Now need to decide what to do with cash accounts.

I remember Berkshire Hathaway tried to minimized dividends or capital gains so you basically had appreciation that could reset cost basis for person who might inherit it.

I was looking at expensive whole life insurance as a possible way to do inheritance to heirs but gut said no there must be a better way. Tax exempt could work i suppose but feel ho hum about that.

Has anyone bought growth stock just for capital appreciation that they either didn't use of donated to a charity for tax minimalization?

I was thinking how to screen for a stock that would work and had some ideas.
low or no dividend say <1% ,
increasing retained value
increasing funds from operation
low pe
> 50k stock exchanged daily (liquid)
plus if optionable

Am open to ways to think on this or even some holdings you think could be candidates. This would be a long term holding.

In past I had focused on acquiring dividends in defered holdings so a differt set to my sails.

Ty for any ideas or comments.
 
I would not pick any single stock. A black swan event could doom any company. Pick a low dividend, high growth sector fund or ETF like technology.
 
I like having BRK as a non-taxable way to grow money, until it's sold. Of course if it's inherited then it gets stepped up !

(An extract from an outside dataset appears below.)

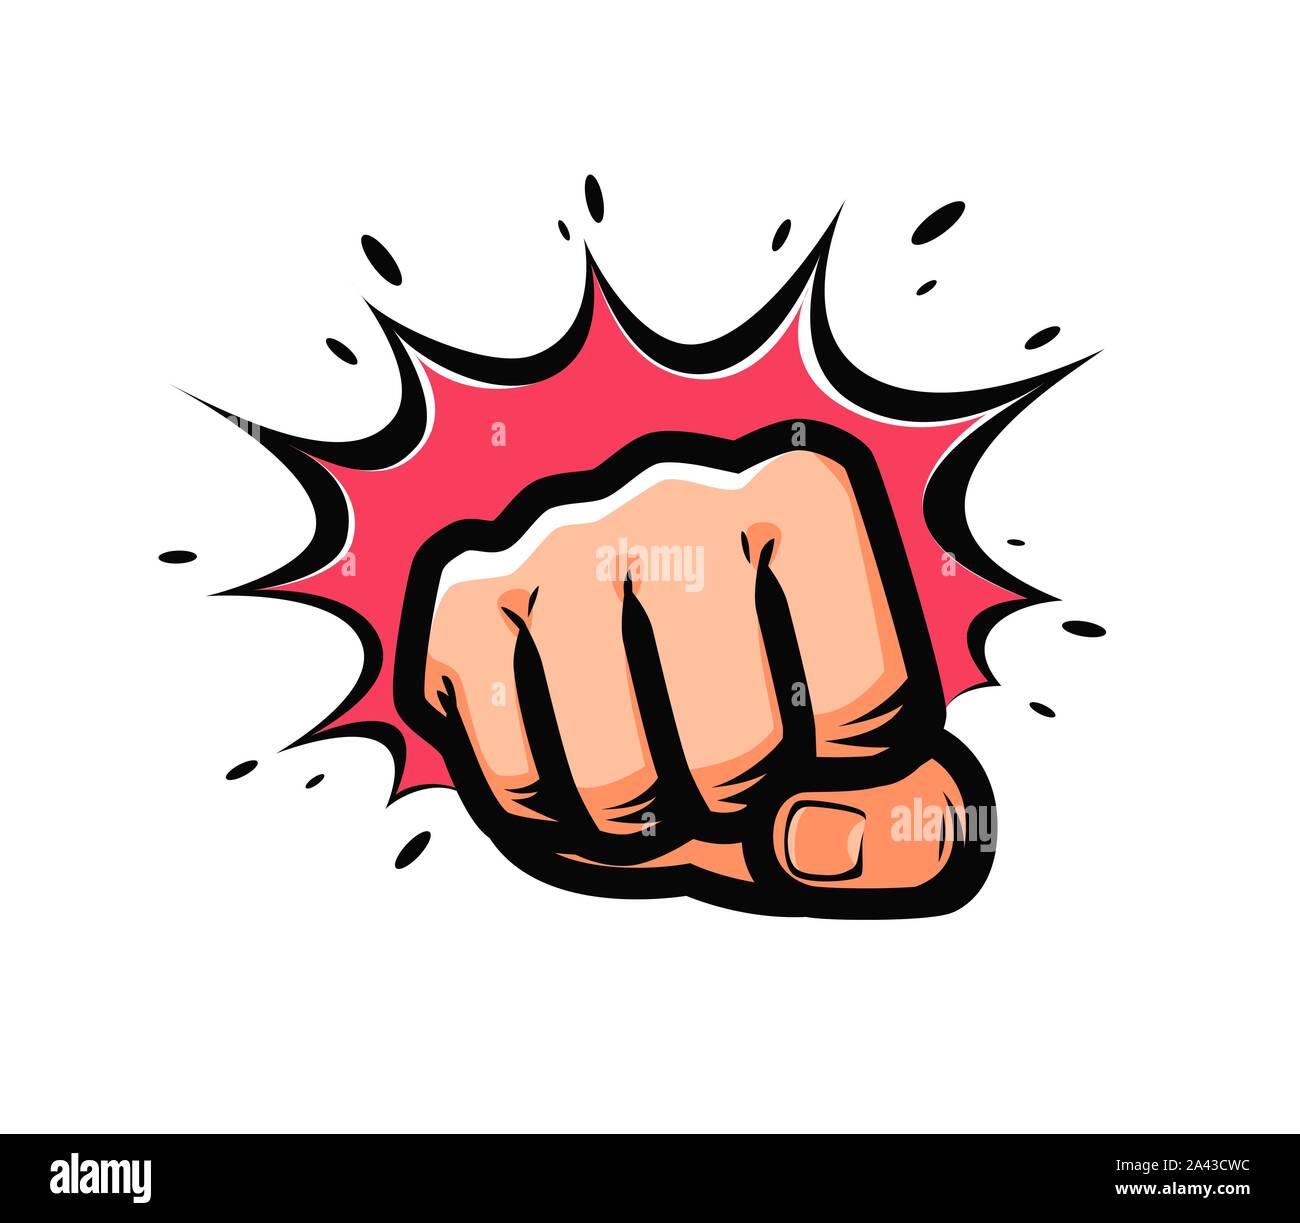 Fist punching in pop-art style. Vector illustration Stock Vector

Since it's comprised of many businesses, I don't feel it's as risky as a single company.

However, an ETF like VTI would achieve a similar goal with a small taxable event each year as it throws off 1.37% dividends. Same with SPY at a 1.29% dividend

What I like about the stock holding choice vs other choices like insurance, is that the future is hard to forecast and should you need the money, it's there to use.
 
Thanks these responses were the sort of things i was hoping to see.

Spy and some of the other indexes i already have so maybe I just shift more of that to the taxable accounts if the historic taxable payouts have been small.
 
I have also being trying to shift a portion of my taxable portfolio into ETFs with more of a growth factor and less dividend focused.

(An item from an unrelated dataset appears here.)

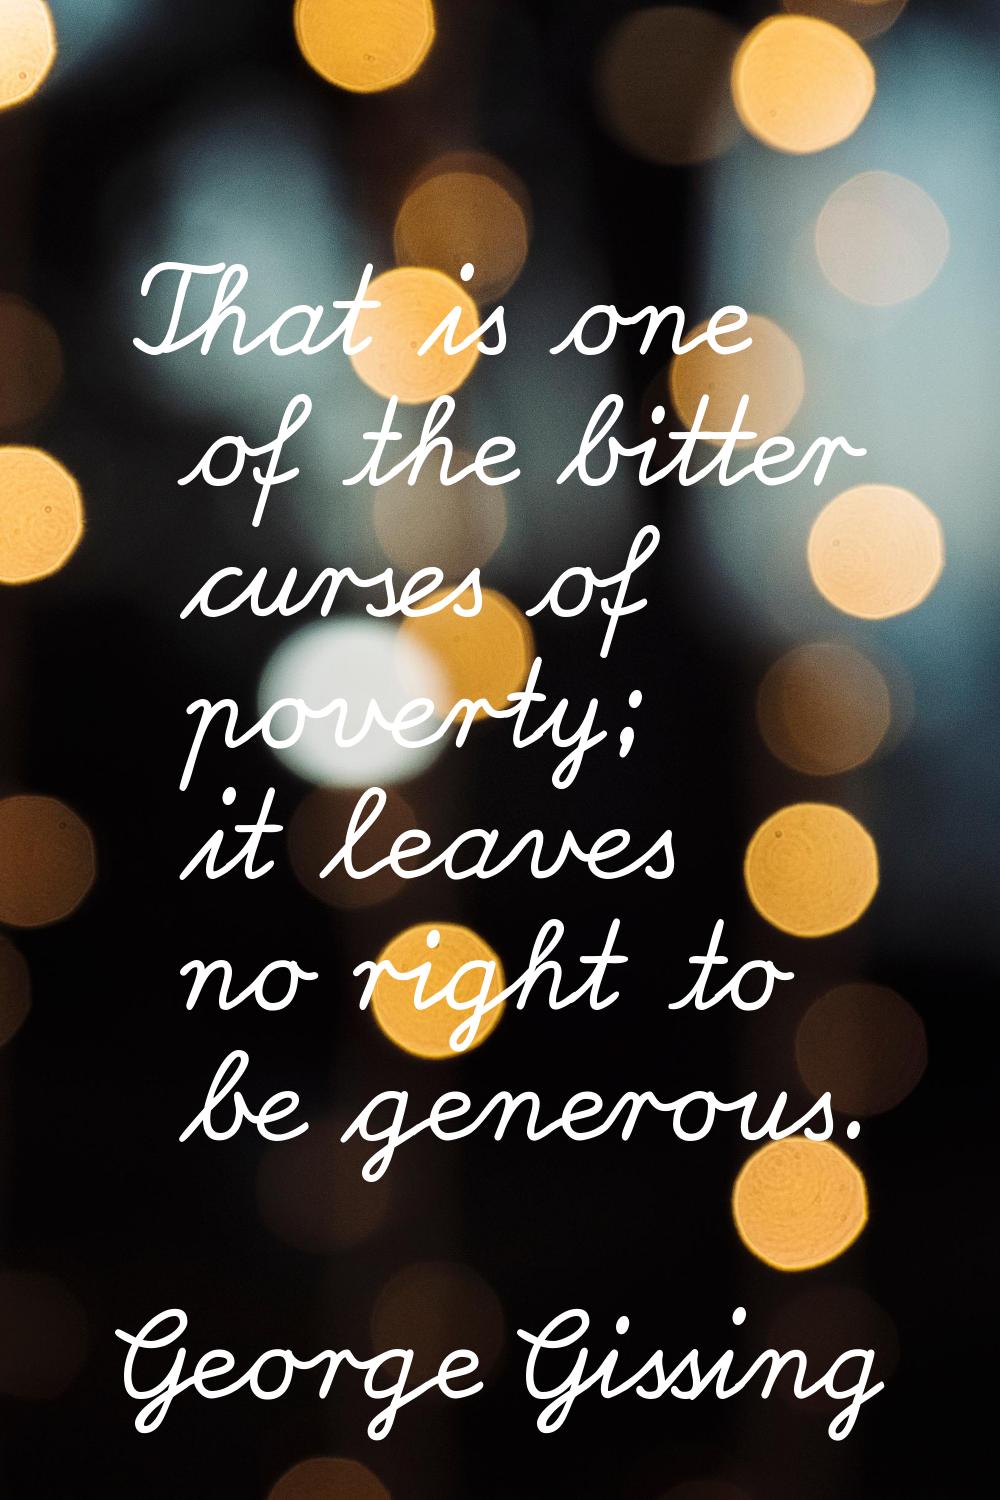 That is one of the bitter curses of poverty; it leaves no right to be generous.

I am rather late to the party in this regard, but am looking at SCHG, but would probably dollar cost average in as it has had recent run-ups. (I am not saying that is the best strategy, as of course I could miss more gains, but it goes with my temperament.)
 
Look at SPHQ etf--does slightly better than the SP500, low dividend payout with 100 highest quality stocks in S&P500. Gets reset I think twice a year
 
Look at SPHQ etf--does slightly better than the SP500, low dividend payout with 100 highest quality stocks in S&P500. Gets reset I think twice a year
Never have seen this before... thanks... I think I will buy some...

It was interesting back when I was in college... I took a portfolio class and one time I was telling the prof how to beat the DOW... rank all 30 of the stocks and choose the worst 1 to 5 of them and buy the rest... the likelyhood of them being at the top would be low so you would beat the DOW by whatever drag that stock would have on the index.... this is similar thinking...

Now, will they actually pick the top 100? Probably not... but that 100 should be better than any other 100 that was picked... in theory that is... wonder if someone has tested it out??